The value of the pullup resistor is related to three things:

1. Cable capacitance
2. Aiming voltage and Rx level sense.
3. Speed

Try using any of the available calculators and start your reading here with the TI appnote on pullup values or here with the NXP I2C standard (7.1).

In terms of the problem you are having, it should be obvious that grounding additional pairs (12V,Gnd) in the cable will change the capacitance to the I2C signal wires.

• I agree, CAT5 cable can be assumed to have about 50pF per meter so 10 meters exceed the 400pF capacitance limit of I2C specification. And reaching 400kHz I2C clock can't be achieved with 400pF capacitance by using the specified 3mA pull-up current from resistors. Fortunately, slowing speed down will help - unless the devices have a minimum clock speed limitation. We don't know what devices these are and what is the I2C bus voltages but indeed pullups should be adjusted to provide at least 3mA and if devices allow and agree on the bus low level voltage then even more. Mar 25 '19 at 19:19
• Yes I gonna test with that, but my question is why it work if there is not power over that cable? Mar 26 '19 at 16:20
• A floating cable pair does not have the same capacitance to your signal pair that it has when the cable is grounded. For your configuration both the +12 and the Gnd are essentially the same ….they have capacitance to the signal cable that impacts your risetime. . Mar 26 '19 at 16:25

A few notes:

Getting the right pull up values is vital, particularly for SDA. Different devices can sink different amounts of current. I have seen setups that generate extra 1s in the data because of a too small pull-up resistor, after switching to a smaller sensor chip. The smaller geometries meant it could not pull the bus down to a clean zero.

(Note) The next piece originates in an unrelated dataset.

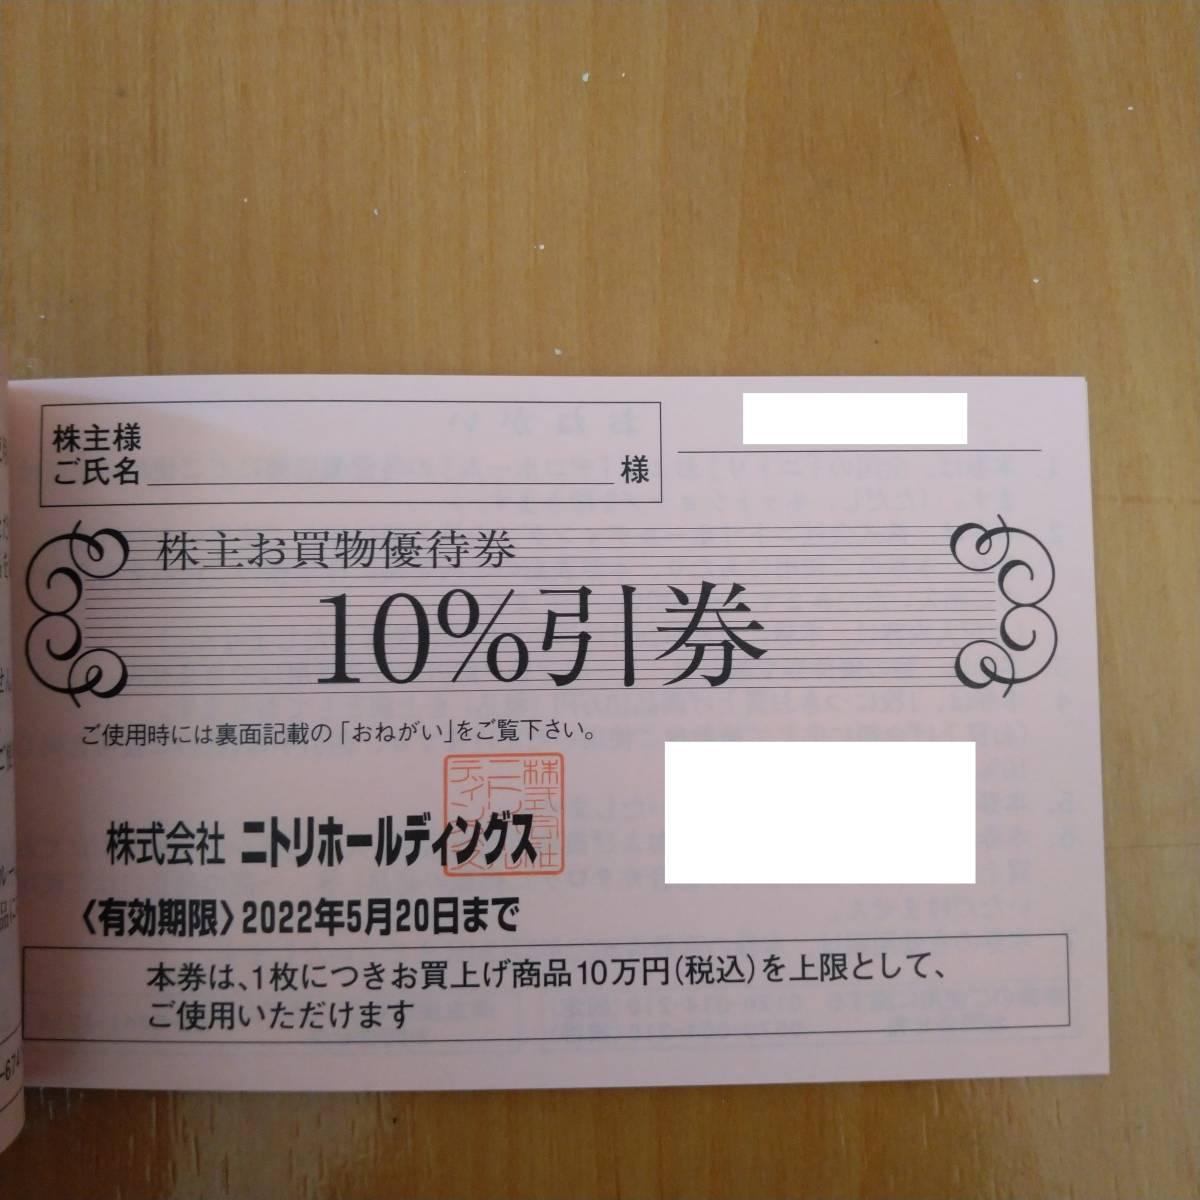 ニトリ 株主お買い物優待券 10%割引券 5枚_画像2

Speed kills. A long cable run is effectively a low pass LRC filter. For many I2C applications you can slow the clock way down without loosing anything. A slower clock can compensate for a weak pull-up and large capacitance (but not a too strong pull-up).

Long cable runs are an invitation to EMI. I have seen an I2C implementation that needed a ferrite clamp to pass immunity testing. End termination, shielded cable, or filters can help.

Beware parallel resistance. If you have a 1k pull-up at the master, and then a 1k at each of four client devices on the bus, well then you have a net 200 Ohm pull up. Not going to work.

The Sparkfun I2C breakout board is a nice solution that features:

PCA9615 buffer
I2C Supply voltage range 2.3-5.5V
Differential Supply voltage range 3-5.5V
draws 16µA of current
Extends I2C bus up to 100 feet
Data rate up to 400kHz
2x Qwiic Connectors


First: I want to thank community for posting an answers.
Second: I have found a solution based on those answers, here is what I have done:

Tested lowering pullup resistors to 4.7K and 2K. On 2K i start to receive reponses from time to time, so I lower to 1K, then I start to receive responses, but part of data was missing from every single one of them. After that switched pullup resistor on SDA pin with 10K and everything start working stable.
So the solution in my case is 1K pullup on SCL and 10K on SDA.